After offering Hospice of Northwest Ohio administration a demonstration of what a Threshold Choir really was, they quickly got on board with the idea.
Today, the local choir has an average of 17 to 20 members. About 25 percent of them, like Raihala, are Hospice staff members; the rest are volunteers from the general public.
They rehearse once a week at each Hospice location. The Perrysburg center, at 30000 E. River Road, hosts practice on Tuesdays at 6:30 p.m.
"When we are invited to the bedside, we visit in small groups," Raihala said. "We choose songs that appeal to the patient's taste and spiritual direction."
Families tell Raihala and the other choir members they feel the songs bring peace to their dying loved ones.
"For patients who are restless, you can see the patients visibly calm down most of the time.
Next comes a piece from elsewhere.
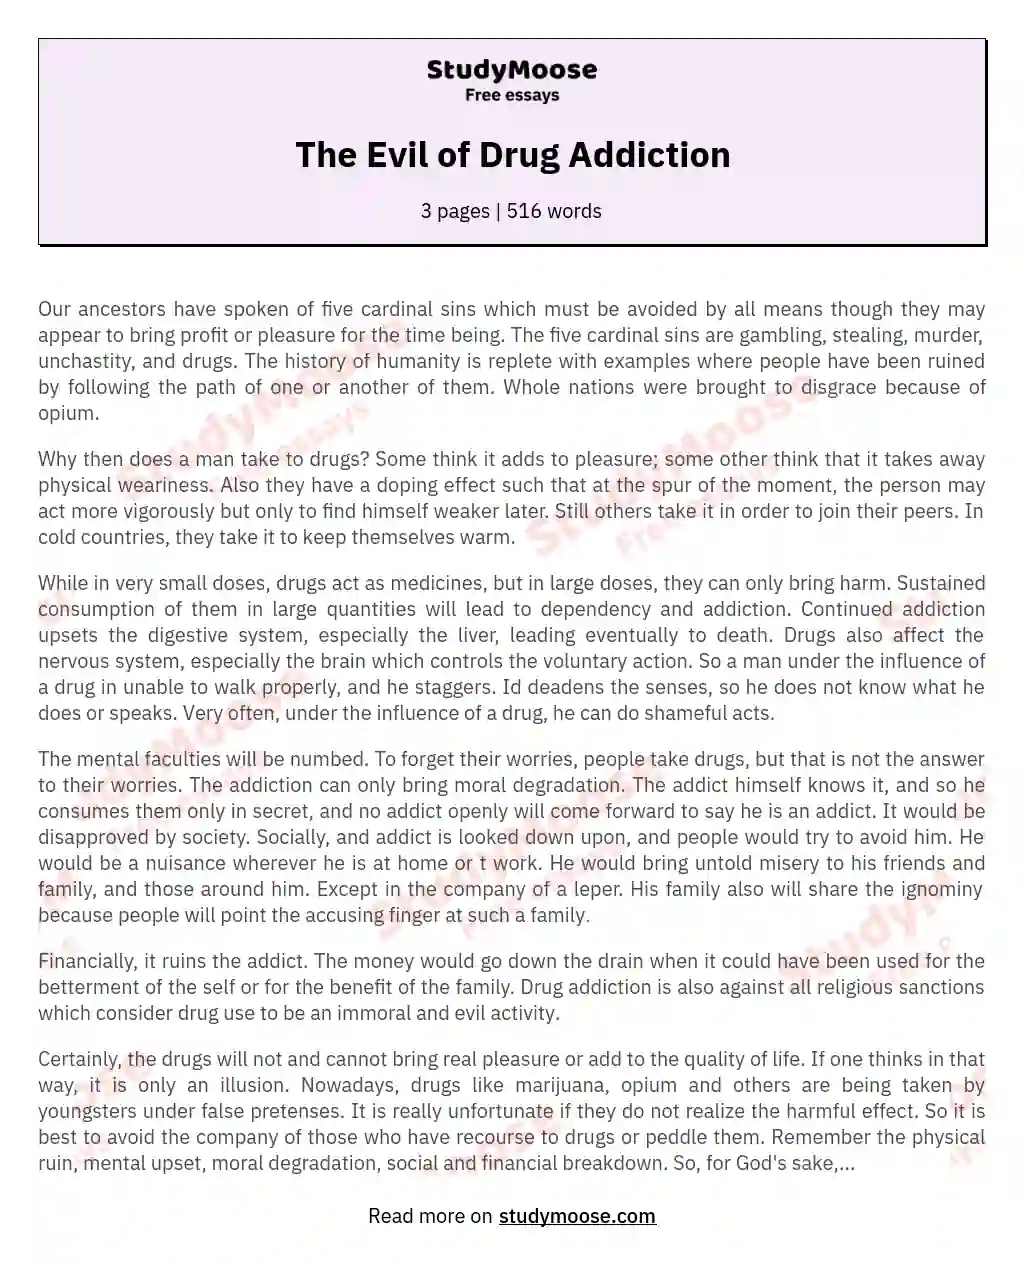 The Evil of Drug Addiction essay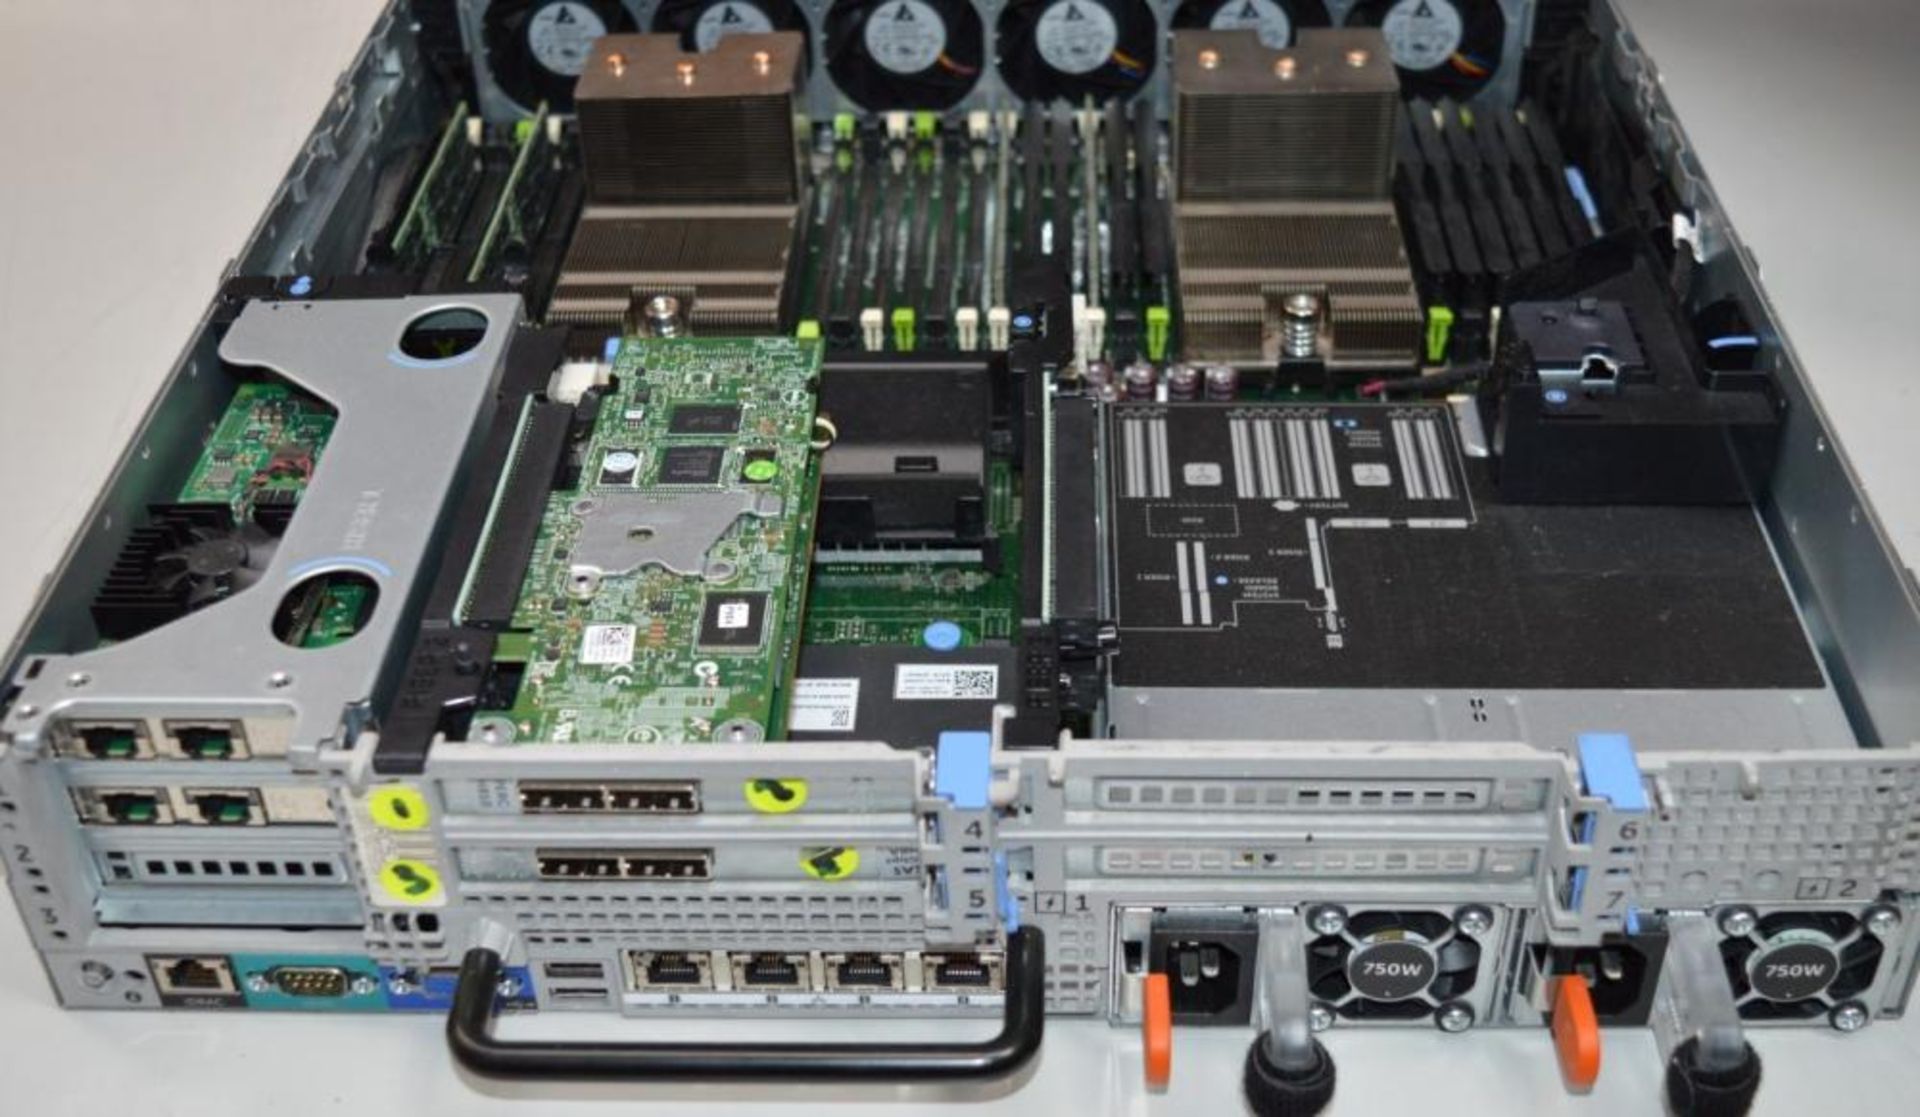 1 x Dell Power Edge R720 Rack Server - 2 x Intel Xeon E5-2630 Six Core Processors, 32gb DDR3 Ram - Bild 2 aus 5

It's been shown to relax breathing, heartbeat."
Raihala said it has happened more than once that a patient died while the Threshold Choir was singing to them.
That certainly is not the aim, or the norm, but volunteers are prepared for any scenario.
Often the patient is past being able to speak, but they are conscious and will start to smile as the singing continues.
In other cases, the patient is awake, alert, and "the things in the songs start a conversation between the patients and their families," said Raihala.
Threshold Choir visits are usually arranged with the family ahead of time. "We sing to our patients in all of our locations," including hospice home-care patients, said Barb Sharek, Hospice external communication coordinator.
But some visits are spontaneous.
"Sometimes, when we're practicing, people walking by will hear us and ask 'Can you come to my Dad's room and sing?'" Raihala said. "Or, if we're singing for one patient, when we leave the room the family of another patient will be outside the door and ask if well go sing for their loved ones."
Experiences such as these have made being a Threshold Choir member one of the most meaningful aspects of Raihala's own Hospice experience.
The 55-year-old mother of two, and grandmother of three, formerly worked at the Perrysburg Hospice center but is currently on the nursing staff at the Toledo facility.
A 1974 graduate of Perrysburg High School, she attended the University of Toledo and obtained her nursing degree from Owens Community College in 1978.
Threshold choir members sing a cappella - no instruments - and the effect has been described as "angelic sounding," said Sharek.
"What makes it different" from any other kind of singing, or even calming music on the radio, "is that you're singing only for that patient, and you're singing with intention," Raihala added. "Often, the families are moved as well."
Sharek noted that the agency "has also been able to persuade our Threshold Choir to sing at our annual memorial service" for patients who have died, which is held each November.